WHAT YOU NEED TO DO:
Copy out every line of the records where the string "después" occurs.

Extracted data entries
---------------
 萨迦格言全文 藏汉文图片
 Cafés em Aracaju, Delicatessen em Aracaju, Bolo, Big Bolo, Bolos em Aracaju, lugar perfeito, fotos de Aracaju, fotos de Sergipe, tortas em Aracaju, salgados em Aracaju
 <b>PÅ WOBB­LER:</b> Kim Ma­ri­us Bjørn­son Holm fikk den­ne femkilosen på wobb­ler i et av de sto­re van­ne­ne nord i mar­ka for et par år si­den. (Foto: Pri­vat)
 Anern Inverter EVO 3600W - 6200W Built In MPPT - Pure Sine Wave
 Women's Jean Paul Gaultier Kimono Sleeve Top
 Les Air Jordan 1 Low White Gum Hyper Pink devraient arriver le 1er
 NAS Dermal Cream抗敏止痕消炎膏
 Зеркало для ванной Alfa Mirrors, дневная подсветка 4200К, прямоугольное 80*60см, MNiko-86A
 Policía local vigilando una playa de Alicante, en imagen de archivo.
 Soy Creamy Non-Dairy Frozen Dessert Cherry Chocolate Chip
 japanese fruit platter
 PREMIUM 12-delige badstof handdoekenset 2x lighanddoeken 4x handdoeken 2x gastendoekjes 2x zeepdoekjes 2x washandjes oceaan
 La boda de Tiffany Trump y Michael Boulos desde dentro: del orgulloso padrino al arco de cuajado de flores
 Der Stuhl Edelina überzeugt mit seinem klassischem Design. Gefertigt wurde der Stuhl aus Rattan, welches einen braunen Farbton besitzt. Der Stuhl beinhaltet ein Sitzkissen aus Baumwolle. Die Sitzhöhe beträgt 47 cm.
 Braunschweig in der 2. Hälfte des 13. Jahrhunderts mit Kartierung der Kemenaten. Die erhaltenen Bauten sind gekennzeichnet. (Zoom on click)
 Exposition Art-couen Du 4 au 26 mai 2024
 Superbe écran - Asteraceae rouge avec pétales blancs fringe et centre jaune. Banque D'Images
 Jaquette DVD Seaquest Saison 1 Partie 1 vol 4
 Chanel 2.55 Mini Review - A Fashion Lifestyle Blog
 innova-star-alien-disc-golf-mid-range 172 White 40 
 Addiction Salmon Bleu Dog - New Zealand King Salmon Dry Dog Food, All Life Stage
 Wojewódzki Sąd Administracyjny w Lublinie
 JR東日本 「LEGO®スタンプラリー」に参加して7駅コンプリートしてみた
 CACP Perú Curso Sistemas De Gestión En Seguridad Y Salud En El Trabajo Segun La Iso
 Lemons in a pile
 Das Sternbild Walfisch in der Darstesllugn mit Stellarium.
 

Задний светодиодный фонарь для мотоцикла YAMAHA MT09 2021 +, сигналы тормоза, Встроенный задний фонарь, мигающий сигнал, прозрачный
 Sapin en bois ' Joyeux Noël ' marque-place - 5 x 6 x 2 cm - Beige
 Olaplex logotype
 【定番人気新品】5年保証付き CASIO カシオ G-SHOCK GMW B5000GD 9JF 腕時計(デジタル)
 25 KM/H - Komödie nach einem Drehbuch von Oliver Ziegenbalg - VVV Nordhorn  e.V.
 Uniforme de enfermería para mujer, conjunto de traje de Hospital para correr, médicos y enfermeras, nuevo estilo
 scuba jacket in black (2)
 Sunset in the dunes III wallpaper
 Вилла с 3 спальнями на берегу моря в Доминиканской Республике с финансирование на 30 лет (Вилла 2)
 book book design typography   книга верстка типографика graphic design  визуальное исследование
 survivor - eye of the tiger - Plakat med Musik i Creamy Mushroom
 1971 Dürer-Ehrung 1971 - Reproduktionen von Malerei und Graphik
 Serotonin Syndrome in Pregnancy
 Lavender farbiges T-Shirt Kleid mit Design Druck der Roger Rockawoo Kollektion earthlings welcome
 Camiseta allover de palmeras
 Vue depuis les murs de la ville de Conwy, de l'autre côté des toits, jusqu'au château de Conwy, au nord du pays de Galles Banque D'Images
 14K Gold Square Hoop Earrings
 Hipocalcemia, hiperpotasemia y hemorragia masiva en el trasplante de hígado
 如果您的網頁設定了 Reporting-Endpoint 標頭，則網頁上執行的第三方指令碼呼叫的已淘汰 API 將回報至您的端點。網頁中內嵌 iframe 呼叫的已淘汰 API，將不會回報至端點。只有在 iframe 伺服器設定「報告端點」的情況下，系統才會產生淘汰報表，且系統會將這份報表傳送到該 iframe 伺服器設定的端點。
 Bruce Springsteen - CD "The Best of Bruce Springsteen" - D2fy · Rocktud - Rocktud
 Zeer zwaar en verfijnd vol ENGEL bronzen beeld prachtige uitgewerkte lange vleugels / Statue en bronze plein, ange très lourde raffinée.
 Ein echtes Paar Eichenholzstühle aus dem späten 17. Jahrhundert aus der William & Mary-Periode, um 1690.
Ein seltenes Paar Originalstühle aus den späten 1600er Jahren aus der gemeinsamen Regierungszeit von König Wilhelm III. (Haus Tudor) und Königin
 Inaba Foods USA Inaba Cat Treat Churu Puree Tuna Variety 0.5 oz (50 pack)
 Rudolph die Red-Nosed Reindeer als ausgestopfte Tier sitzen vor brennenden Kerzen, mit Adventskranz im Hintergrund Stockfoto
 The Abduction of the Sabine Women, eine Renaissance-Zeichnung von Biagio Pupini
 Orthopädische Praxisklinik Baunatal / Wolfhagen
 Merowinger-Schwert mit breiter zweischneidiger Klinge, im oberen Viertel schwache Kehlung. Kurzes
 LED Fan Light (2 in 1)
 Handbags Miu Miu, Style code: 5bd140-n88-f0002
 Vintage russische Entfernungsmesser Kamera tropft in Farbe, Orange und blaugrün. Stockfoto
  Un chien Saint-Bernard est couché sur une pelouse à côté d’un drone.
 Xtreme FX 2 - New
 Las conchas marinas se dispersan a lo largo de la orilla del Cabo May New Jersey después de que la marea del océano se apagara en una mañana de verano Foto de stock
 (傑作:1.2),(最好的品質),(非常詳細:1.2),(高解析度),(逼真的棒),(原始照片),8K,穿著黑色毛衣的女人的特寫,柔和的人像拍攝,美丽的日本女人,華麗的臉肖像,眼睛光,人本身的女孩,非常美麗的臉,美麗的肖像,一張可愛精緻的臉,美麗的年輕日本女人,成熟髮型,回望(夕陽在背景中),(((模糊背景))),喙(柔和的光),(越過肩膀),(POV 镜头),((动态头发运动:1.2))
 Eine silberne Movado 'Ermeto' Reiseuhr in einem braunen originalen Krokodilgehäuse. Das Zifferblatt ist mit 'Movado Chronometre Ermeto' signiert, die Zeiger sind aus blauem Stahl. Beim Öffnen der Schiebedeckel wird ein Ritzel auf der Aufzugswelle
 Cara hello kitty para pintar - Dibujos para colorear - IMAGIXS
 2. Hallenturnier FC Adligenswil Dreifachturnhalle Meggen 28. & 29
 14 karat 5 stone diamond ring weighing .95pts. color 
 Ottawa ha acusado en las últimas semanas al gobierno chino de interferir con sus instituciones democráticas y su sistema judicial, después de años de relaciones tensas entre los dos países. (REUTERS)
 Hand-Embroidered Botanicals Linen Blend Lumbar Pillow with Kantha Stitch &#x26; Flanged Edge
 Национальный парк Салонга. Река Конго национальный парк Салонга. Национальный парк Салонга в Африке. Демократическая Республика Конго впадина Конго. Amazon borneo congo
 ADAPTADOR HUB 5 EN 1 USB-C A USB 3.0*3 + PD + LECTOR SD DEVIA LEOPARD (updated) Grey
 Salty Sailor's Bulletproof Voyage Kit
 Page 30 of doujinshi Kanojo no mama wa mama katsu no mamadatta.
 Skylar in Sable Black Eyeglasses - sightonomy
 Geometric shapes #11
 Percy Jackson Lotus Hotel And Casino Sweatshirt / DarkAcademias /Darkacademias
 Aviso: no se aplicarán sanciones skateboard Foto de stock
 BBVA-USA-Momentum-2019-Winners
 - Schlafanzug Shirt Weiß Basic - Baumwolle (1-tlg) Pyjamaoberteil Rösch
---------------
EXERCISE OUTPUT:
 Las conchas marinas se dispersan a lo largo de la orilla del Cabo May New Jersey después de que la marea del océano se apagara en una mañana de verano Foto de stock
 Ottawa ha acusado en las últimas semanas al gobierno chino de interferir con sus instituciones democráticas y su sistema judicial, después de años de relaciones tensas entre los dos países. (REUTERS)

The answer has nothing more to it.